The withdrawal came at the 2 April deadline for non-binding expressions of interest. IAG confirmed the decision in a brief statement: "Following careful consideration, IAG has decided that it would not be in the best interests of our shareholders to proceed in the process to acquire an investment in TAP."
Two Suitors, One Airline
Both Lufthansa Group and Air France-KLM formalised their non-binding offers on the same day, each eyeing the 44.9 per cent industrial-partner stake that the Portuguese government is putting up for sale. A further five per cent is reserved for TAP employees.

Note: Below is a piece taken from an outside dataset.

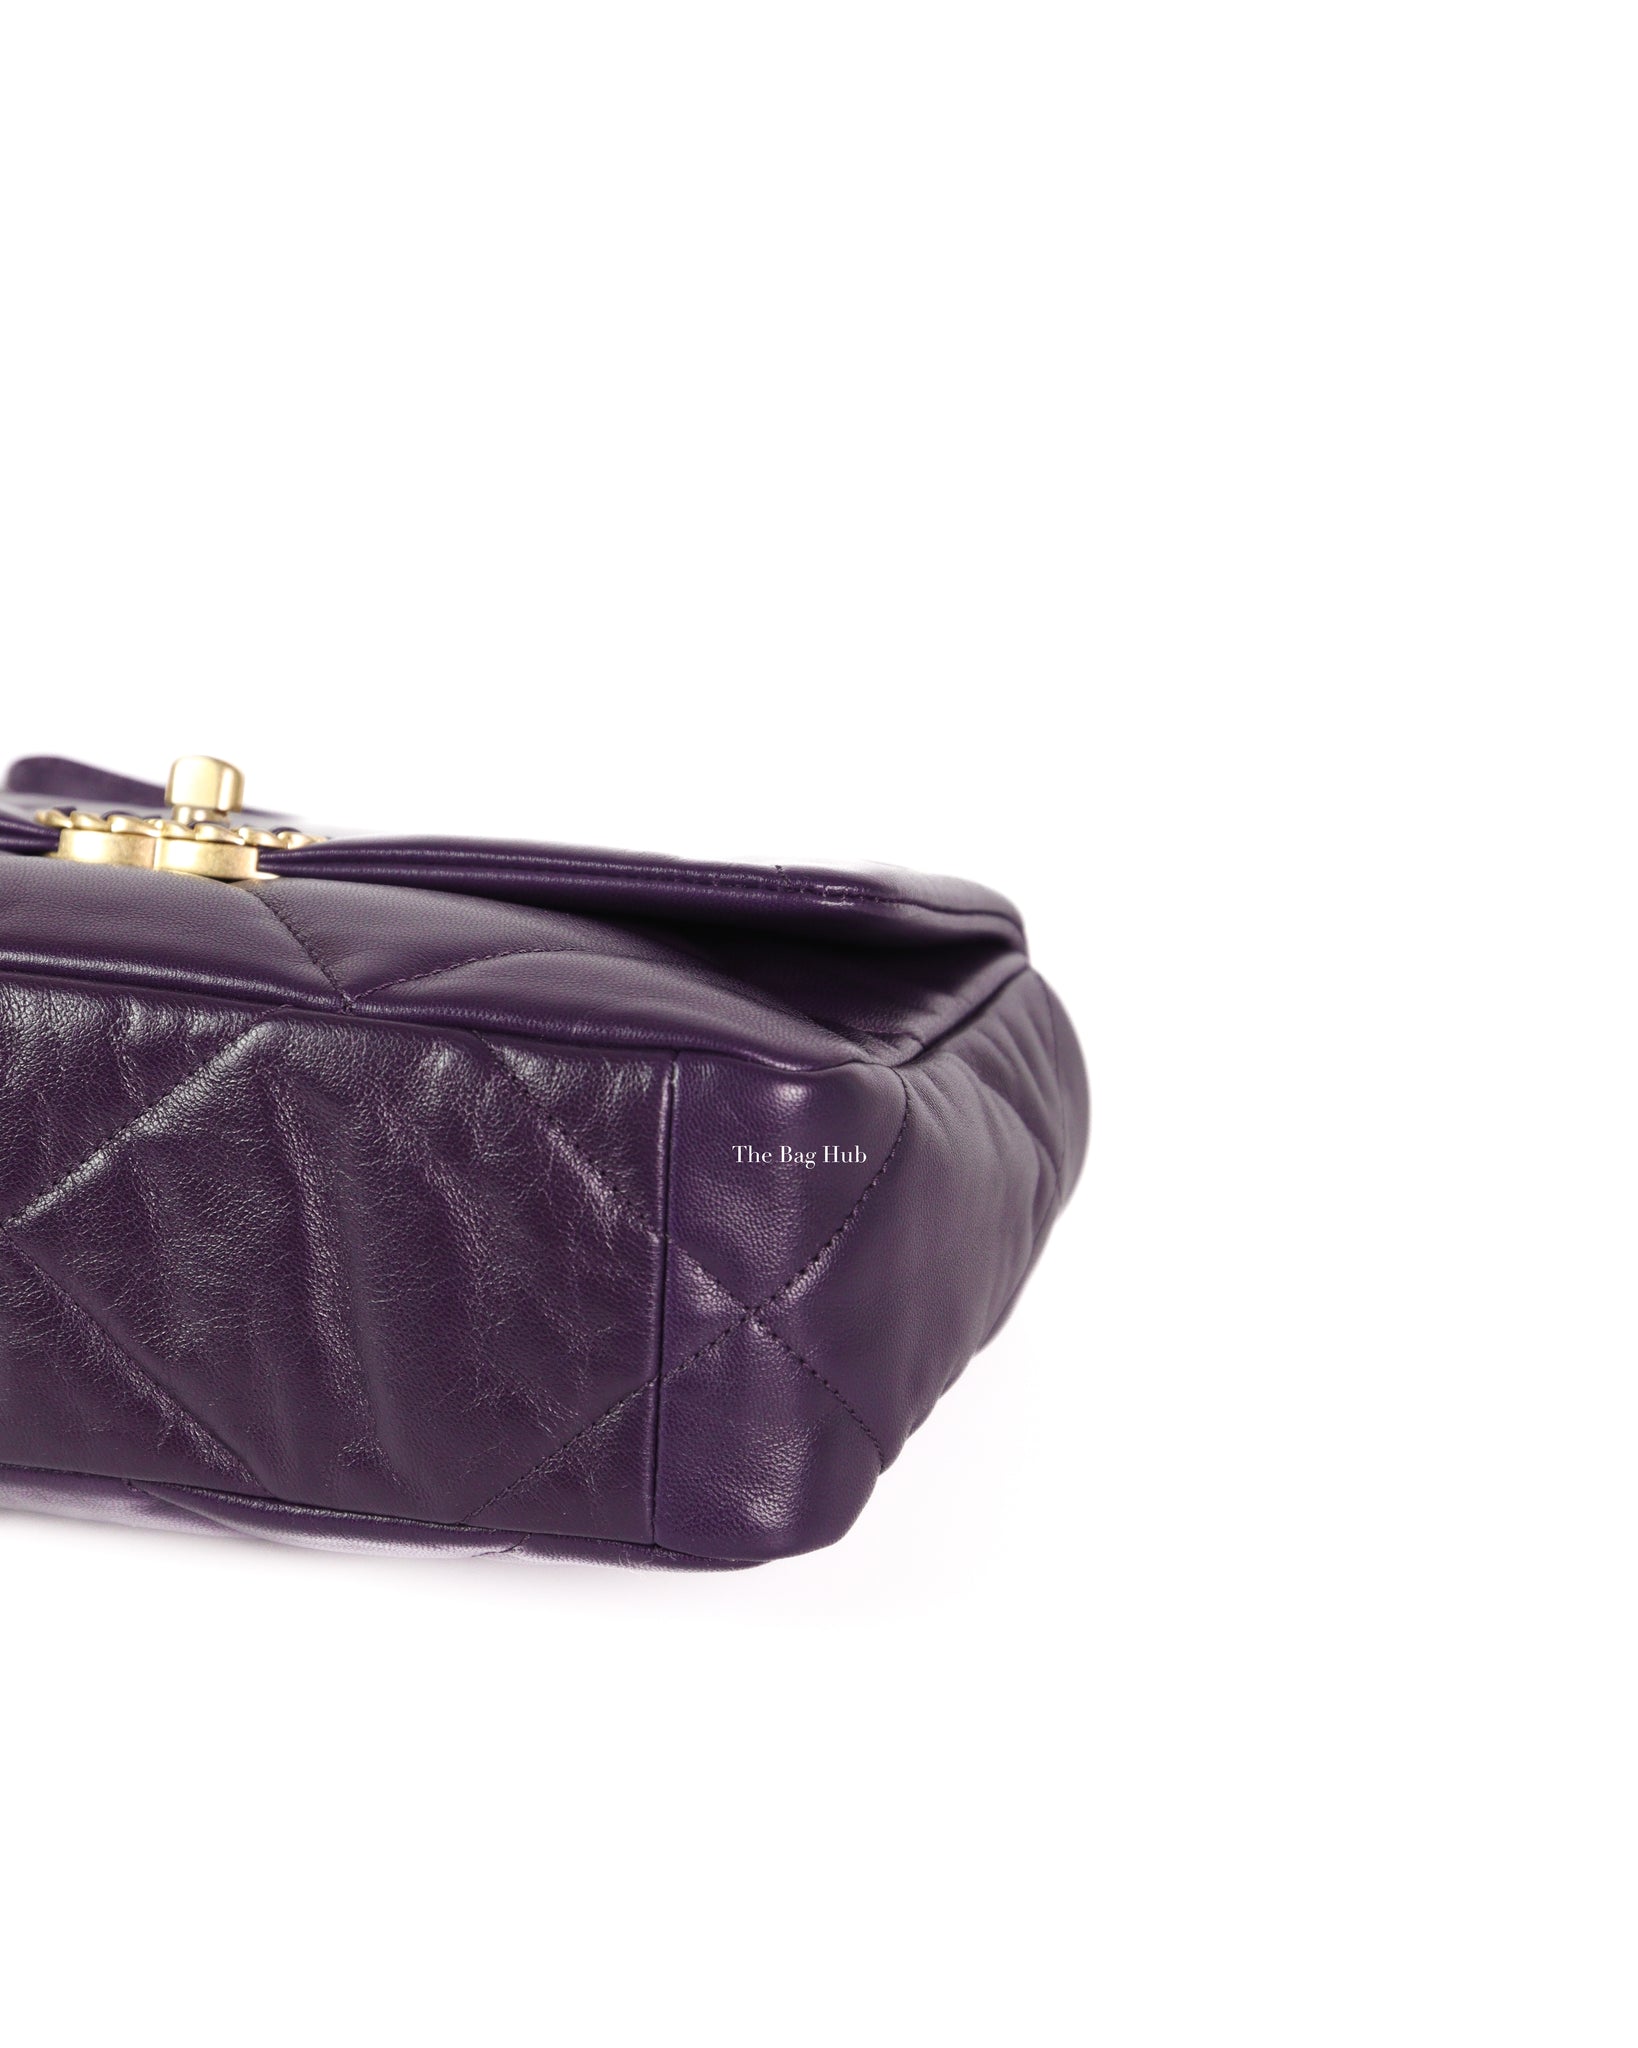 Chanel Raisin C19 Handbag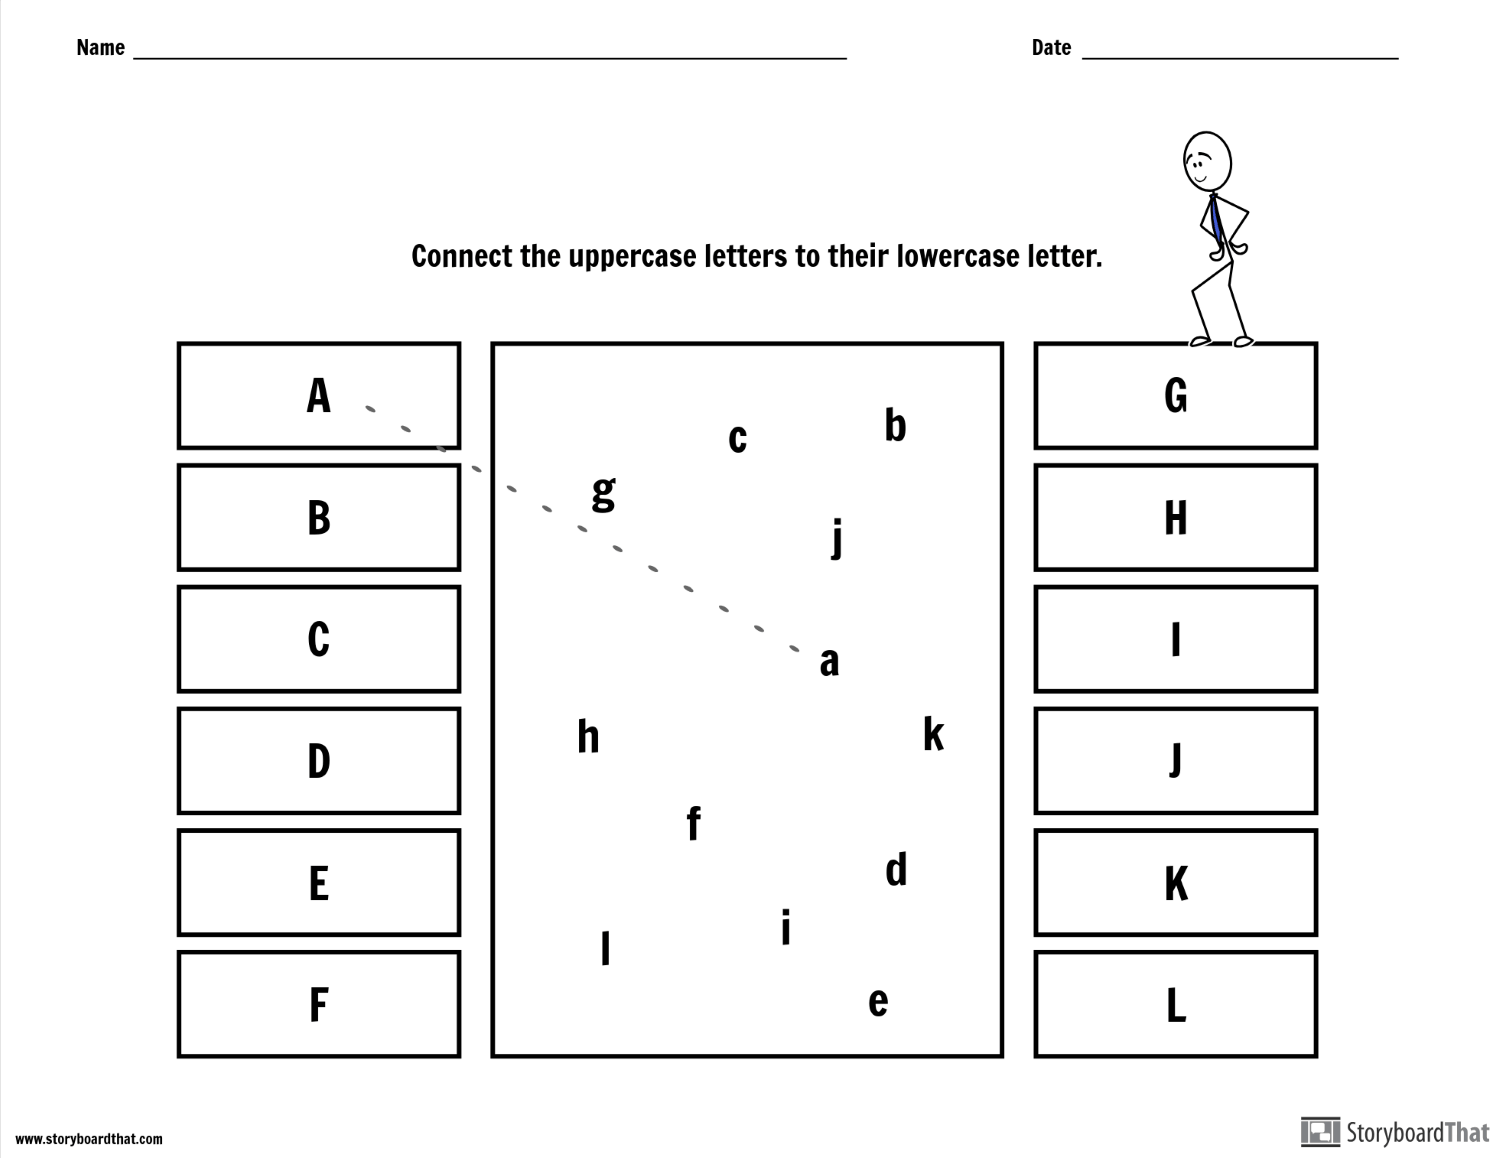 Exemple de Feuille de Calcul de Correspondance de Lettres

The state holding company Parpública has been given 30 days to assess the merits of each proposal. After that, selected bidders will be invited to submit binding offers within 90 days, with the privatisation expected to close in the second half of 2026.
What the Bidders Want
For Lufthansa, TAP would add a strong Lisbon hub and unmatched access to Brazil and lusophone Africa — markets where the German group has limited direct presence. Lufthansa already operates a multi-hub model through Swiss, Austrian Airlines, Brussels Airlines, and ITA Airways, and TAP would extend that network to the South Atlantic.
Air France-KLM's interest is more defensive. The Franco-Dutch group already has a strong position on transatlantic routes through its joint venture with Delta, but TAP's Brazilian network — the largest of any European carrier — would be a significant competitive addition. Portugal's geographic position also makes Lisbon a natural connecting hub for passengers from North America heading to southern Europe and Africa.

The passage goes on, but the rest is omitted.